Figure 9 also depicts the optimal yaw angles of the upstream (ψ_{1}=Opt) and the downstream (ψ_{2}=Opt) turbines that maximize the cumulative power output. Both surrogate models predict that optimal power gain is obtained when the upstream turbine is yawed negatively and the downstream turbine is yawed slightly positively. This is in line with the power output shown in Sect. 3.3.1, where the highest power is obtained when the downstream yaw angle (ψ_{2}) is slightly positive. This occurs as the second turbine aims to reorient itself to be perpendicular with the skewed inflow (see Fig. A1 in the Appendix A, which shows the average flow angle).
It is observed that the power gain is the largest at a turbine spacing of sx=4R with a power gain of approximately 1.6 % and 3.3 % for the surrogates of order p=3 and p=4, respectively. The difference in estimated power gain is directly related to the overestimation of power production for the baseline of the second turbine in Fig. 6 for p=3, which results in the reference P_{Base} being too large. Otherwise, the optimization with both surrogate models of order p=3 and p=4 yield very similar predictions as the turbine spacing increases. Further downstream, the differences in both power gain and yaw angles of the two turbines are minor.
A negative yaw angle for the upstream turbine is expected as it yields a larger wake deflection (as shown in Sect. 3.2). Furthermore, the optimal yaw angles decrease in magnitude for both of the turbines as the turbine spacing is increased. This occurs as the power loss of the upstream turbine is larger than the power gain of the downstream turbine, which leads to a decrease in the optimal yaw angle of both turbines. However, the uncertainty increases as the yaw angle of the upstream turbine decreases, because intentionally yawing the turbine only approximately −4^{∘} in the case of sx=16R is uncertain as the inflow wind direction will continuously change, e.g. Gaumond et al. (2014), and the unintentional yaw misalignment due to erroneous wind direction measurements are often in a similar range, e.g. Mittelmeier and Kühn (2018).

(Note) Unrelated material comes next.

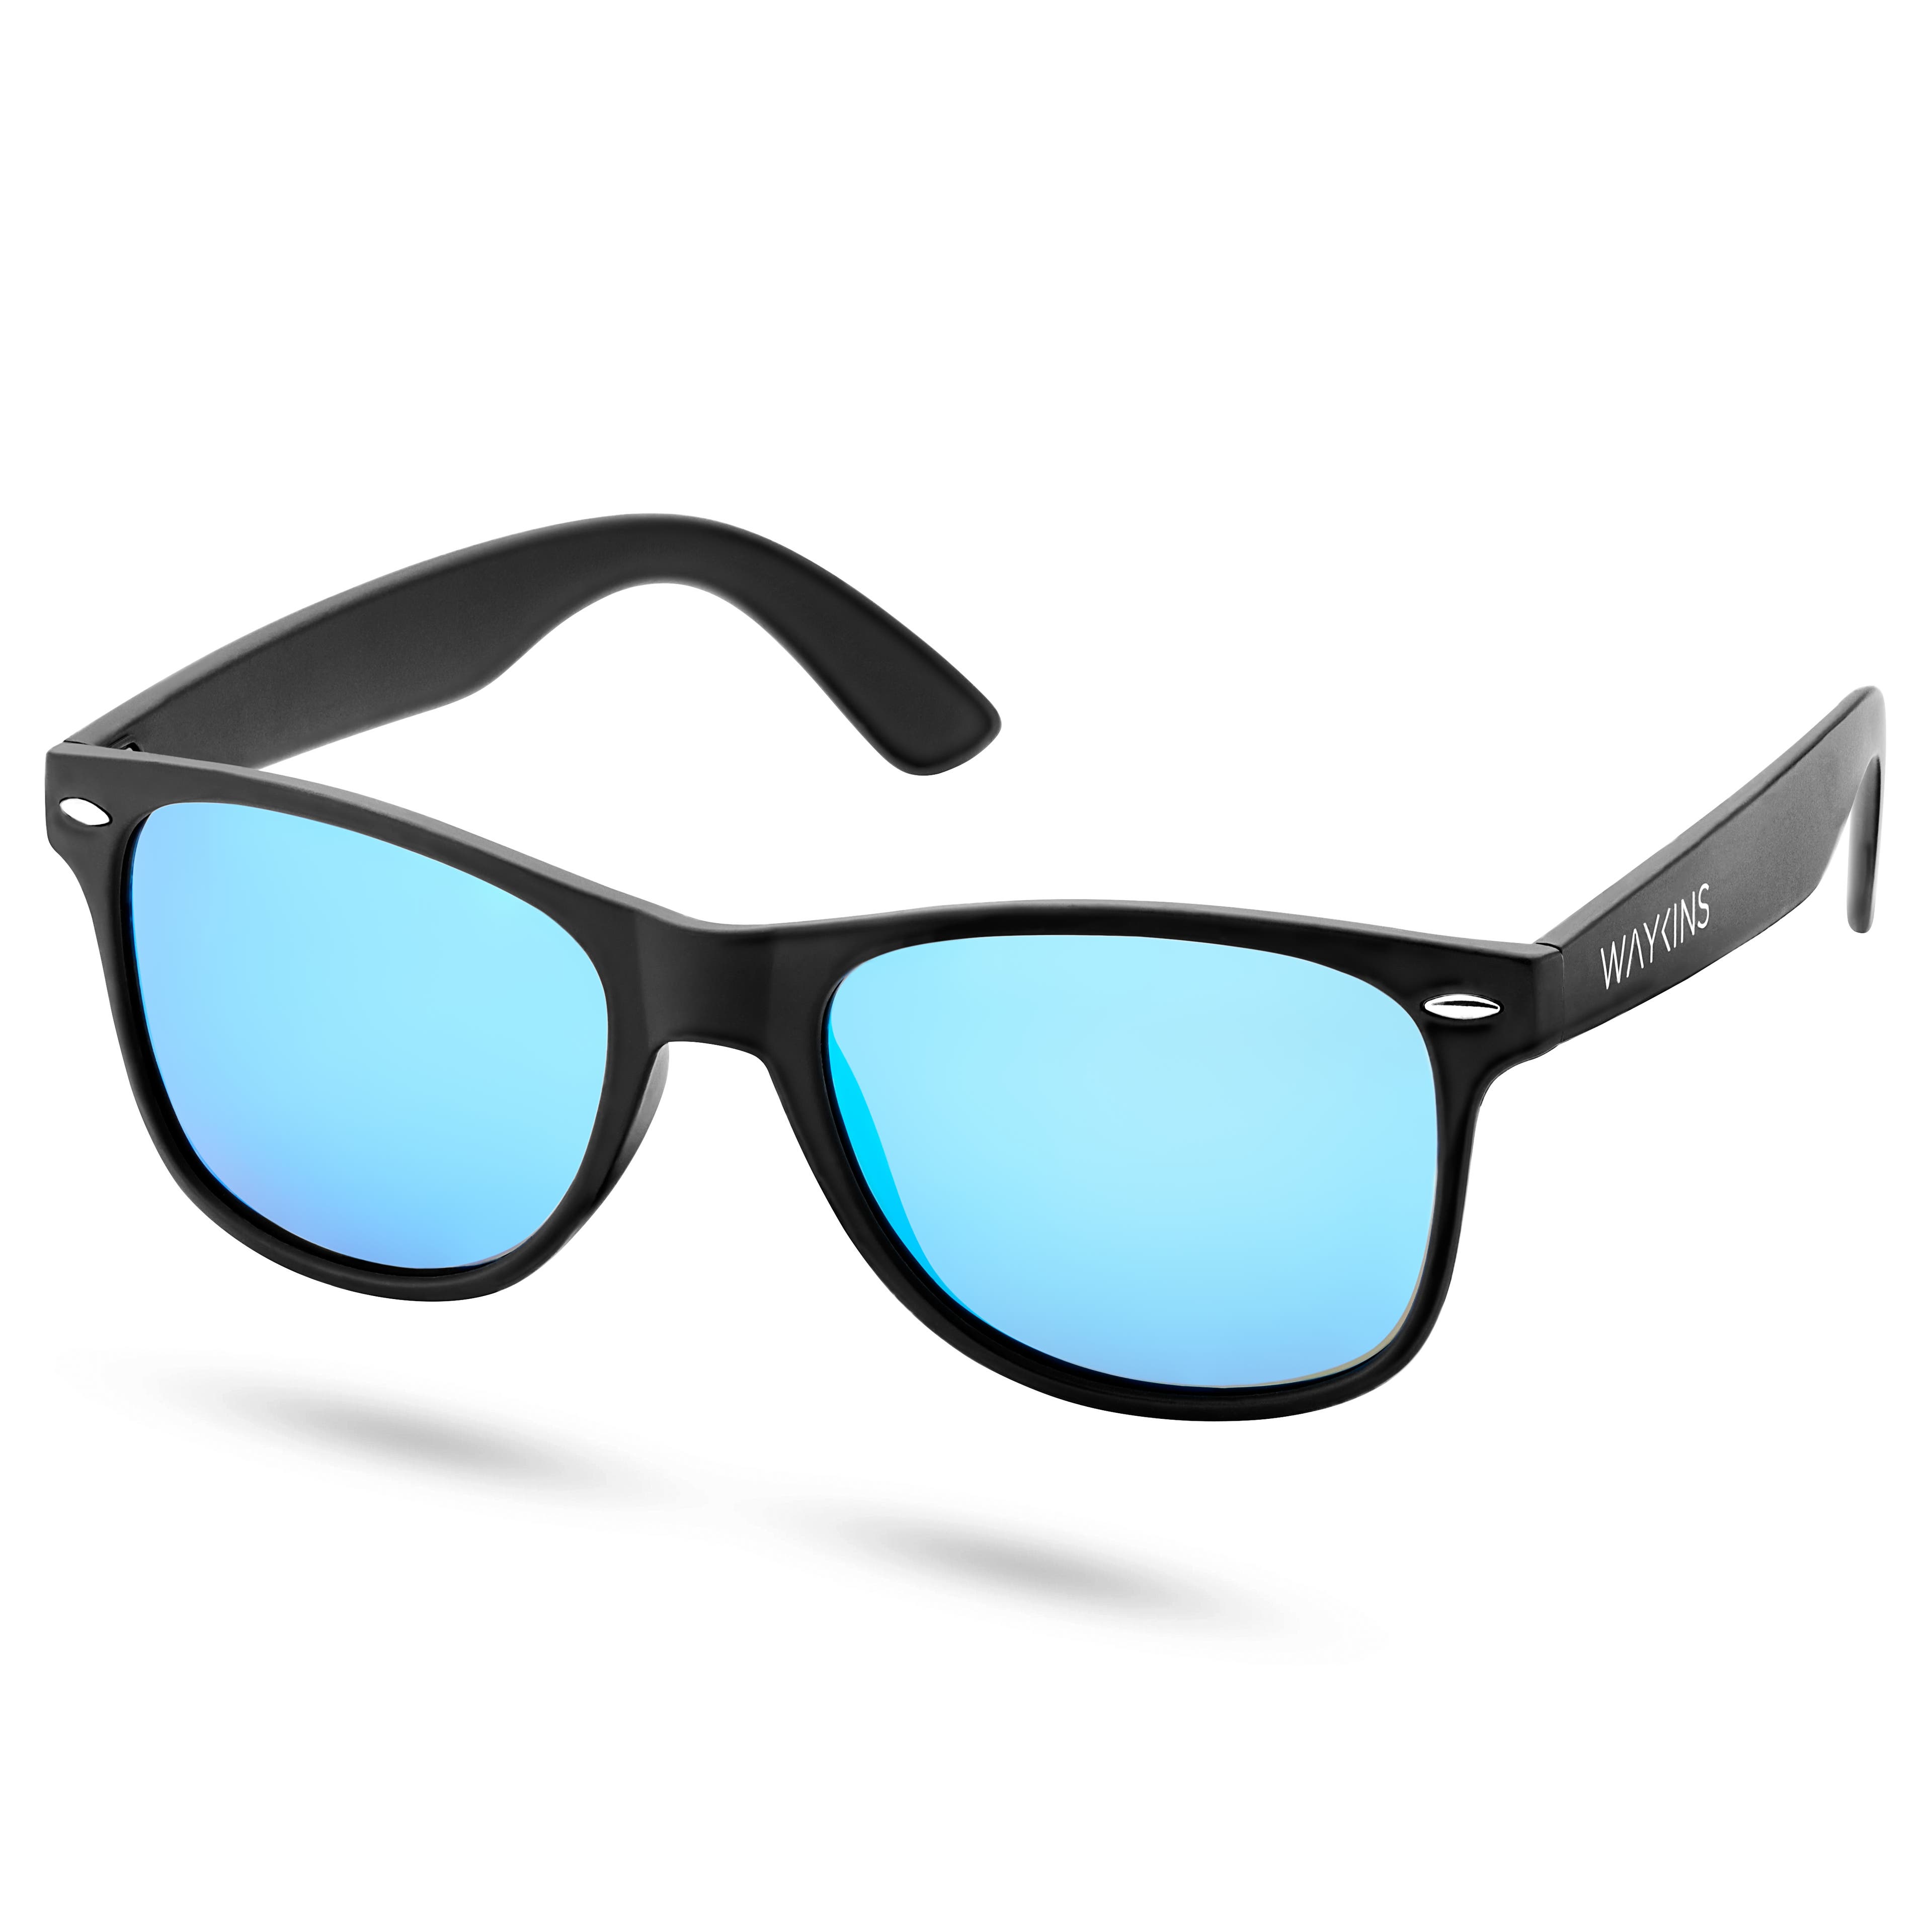 Ochelari de soare retro negri cu lentile polarizate albastre

As shown in Fig. 7, the surrogate models come with relative errors as a function of the control variables ψ_{1} and ψ_{2}, which generally indicates an over-prediction of the power production. After the optimization is performed in Fig. 9, a closer look to the surrogate model error, ΔP_{Opt}, for each of the optimal control settings is required to correct the model results for potential bias. ΔP_{Opt} is defined in Eq. (6) in terms of ψ_{1}=Opt and ψ_{2}=Opt.
where
Since the dynamic Flex5 simulation gives different results for each 10 min realization (as can be seen in, for example, Fig. 6b), the model error also varies among those realizations. Note that the Flex5 results are not available for all combinations of ψ_{1} and ψ_{2}, which is why the surrogate models are built in the first place. However, the prediction error of the surrogates for each turbine spacing can be interpolated for the optimized yaw angles ψ_{1}=Opt and ψ_{2}=Opt to estimate ΔP_{Opt}. Median and standard deviation of the model error with respect to the reference Flex5 simulations are presented in Fig. 10a as a function of turbine spacing.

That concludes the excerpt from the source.